Orr speaking

We’ve been hearing quite a bit from the Reserve Bank recently (in addition to the OIA disclosures of the Governor’s antics last year), just not much about monetary policy, short-medium term economic developments, or financial stability and regulation.  In a few weeks the Governor will have been in office for two years, and in that time we’ve not had a single serious and thoughtful speech from him on either financial stability/regulatory issues or on monetary policy and cyclical economic issues.   It is extraordinary, and not the sort of thing we’ve seen here in the past or in other advanced countries today.  As it happens, the new MPC members have now been in office for 11 months, and we’ve not seen or heard a word from any of the external members at all.

But what of Bank management?    If they haven’t been talking about core business (that small matter of the statutory responsibilities they are funded for), they’ve been out championing other causes, including themselves.

Last Wednesday the Governor (and accompanying senior managers) turned up at Parliament for the annual Finance and Expenditure Committee financial review hearing.  The Governor’s opening statement is here.    The only bit that immediately caught my eye was this

Amendments to the Reserve Bank of New Zealand Act, which came into effect on 1 April, gave responsibility for monetary policy decisions to the newly-established Monetary Policy Committee.
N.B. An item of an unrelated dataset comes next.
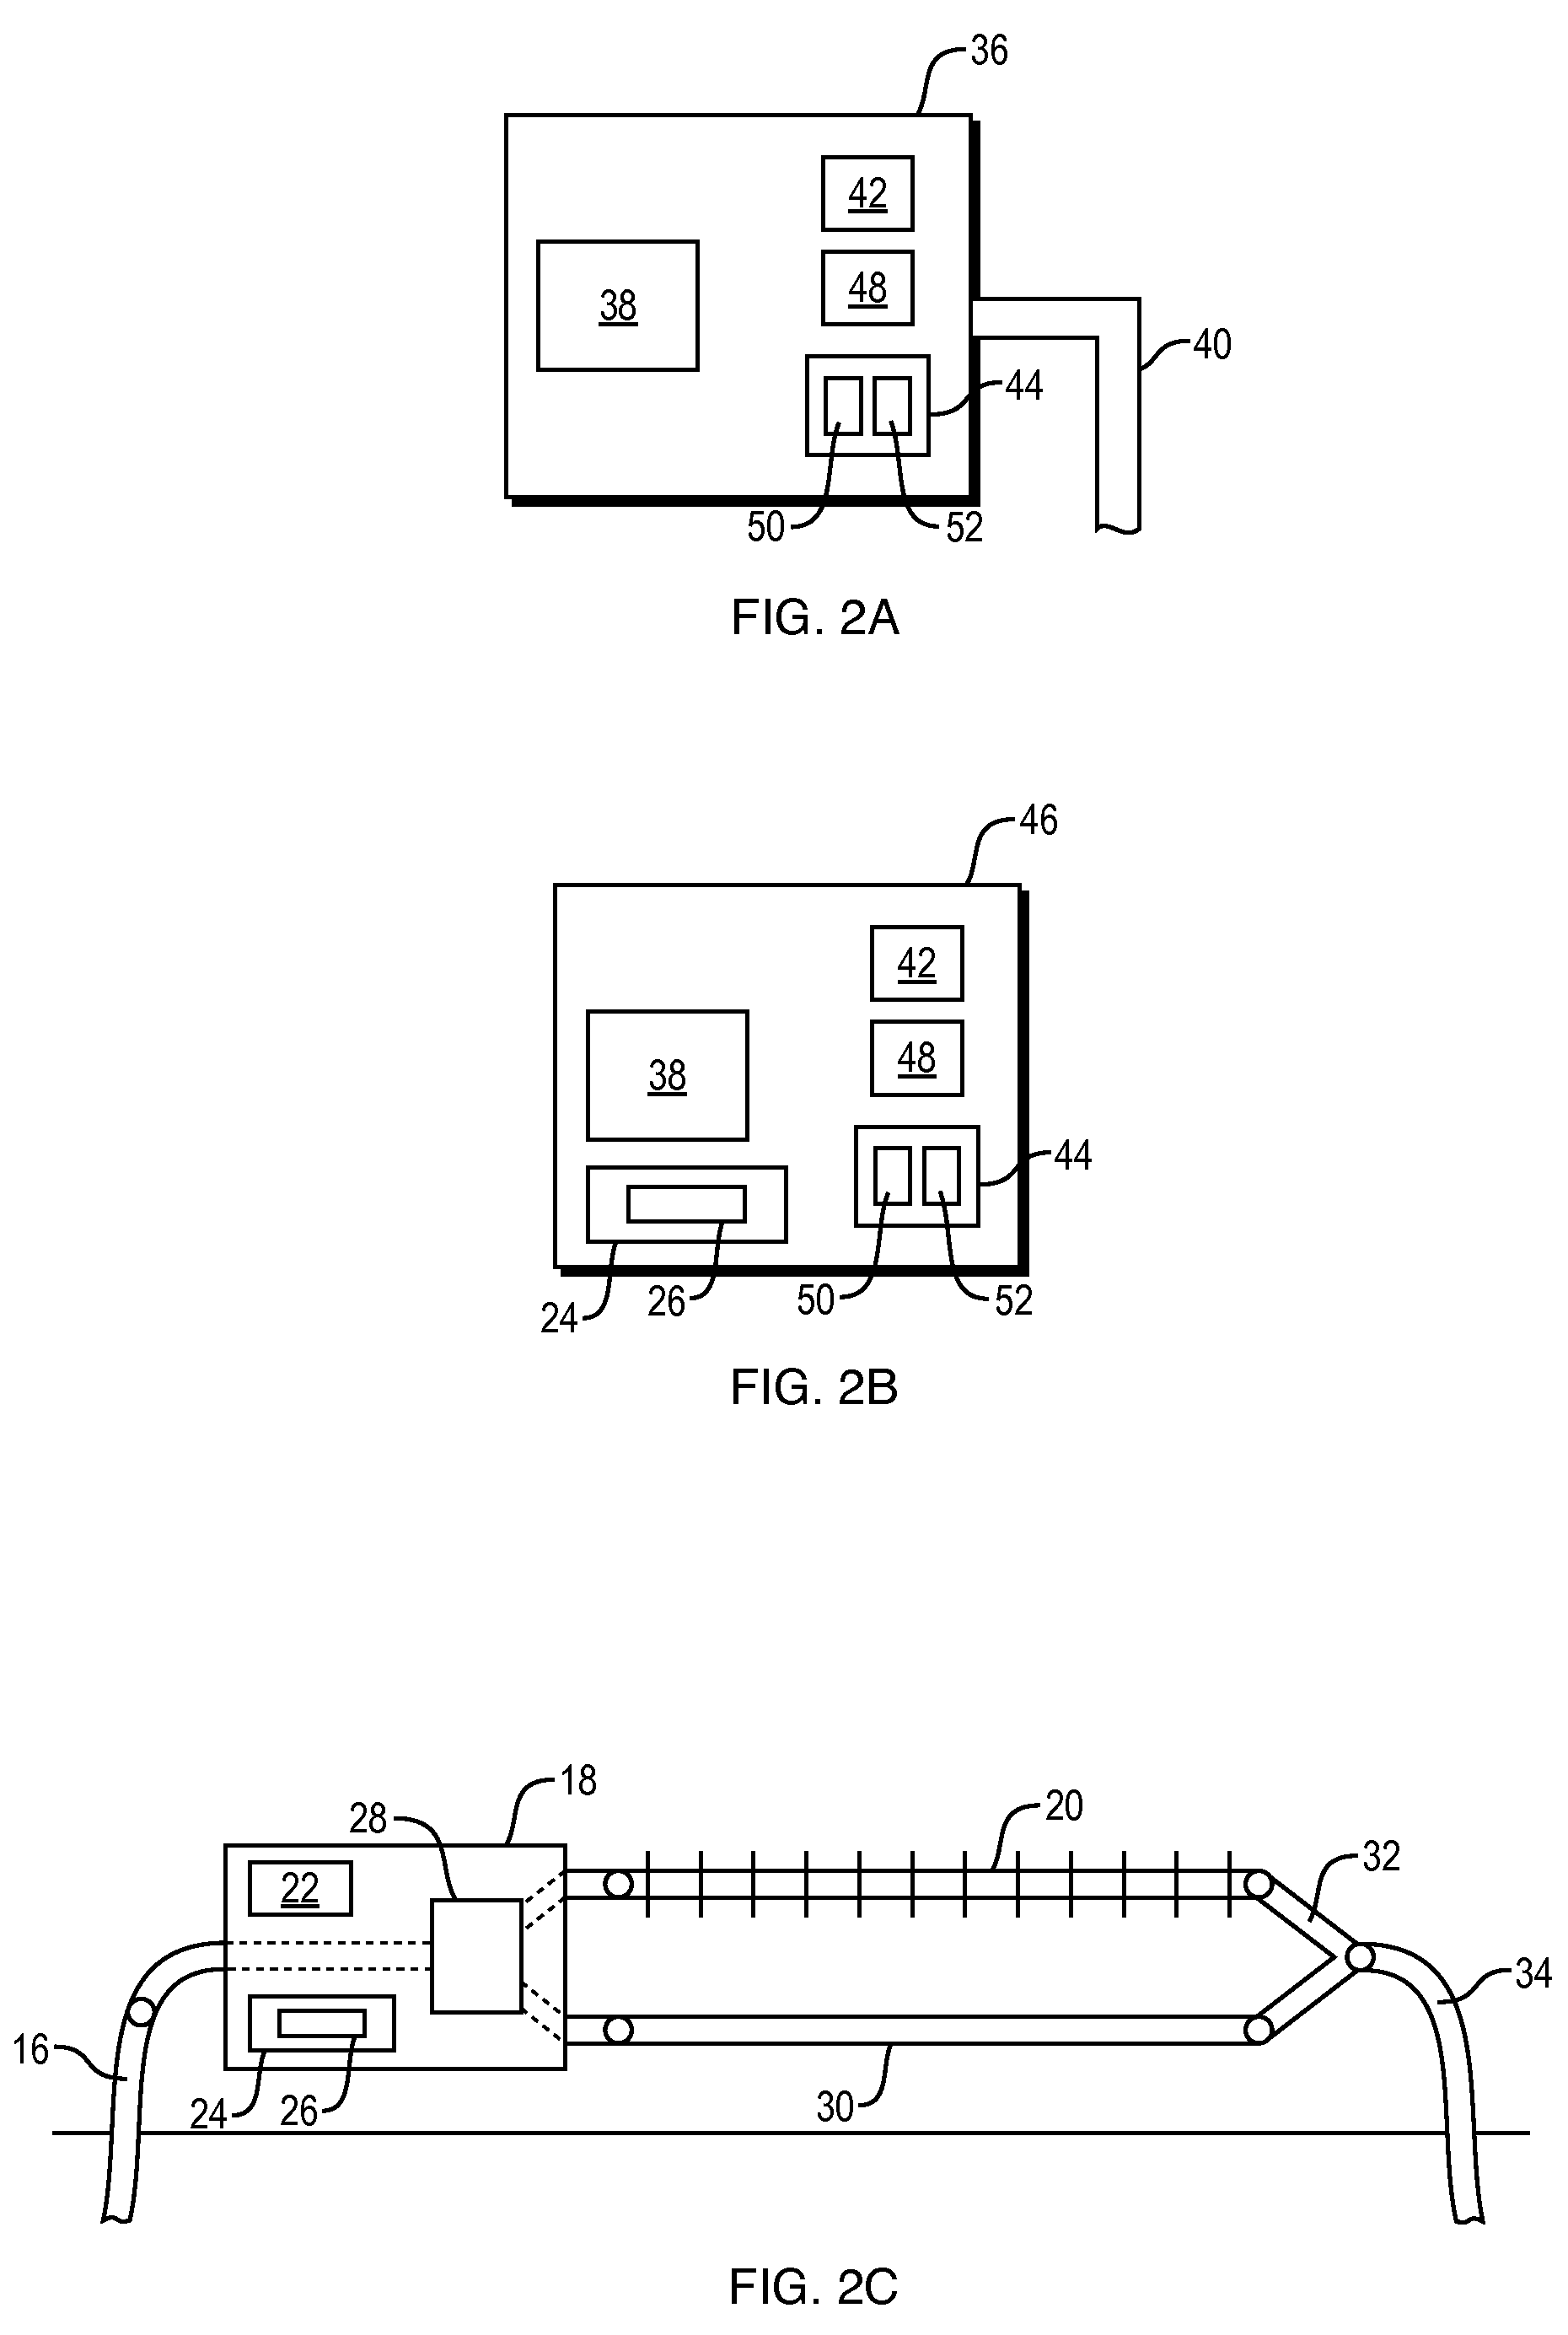 System and method for creating multizones from a single zone heating system

This framework has now been implemented and is working well, with six Official Cash Rate decisions by our new Monetary Policy Committee. The Summary Record of Meeting provides insights into how decisions are reached, and improves our stakeholders’ understanding of each Committee member’s contribution.

That final sentence, and particularly the second half of it, is at best spin, more accurately just a lie.  The Governor explicitly states that the Summary Record “improves our stakeholders’ understanding of each Committee member’s contribution”, when of course –  go and read them for yourself if you like –  that is simply false.  Not only does the Summary Record give no real sense of “how decisions are reached” but, by explicit choice and design (endorsed by the Minister of Finance), there is no reference at all to the views, arguments, analyses etc of any individual Committee member.  And –  did I mention this?  – none of the externals has been heard from in any other fora.  We have no idea whether they are making any contribution at all.   It is breathtaking that the Governor can so actively and deliberately –  in writing – lie to a parliamentary committee.  In isolation perhaps it is a small point, but if we can’t count on a very and powerful public official in the small and visible points, how do we trust him more generally.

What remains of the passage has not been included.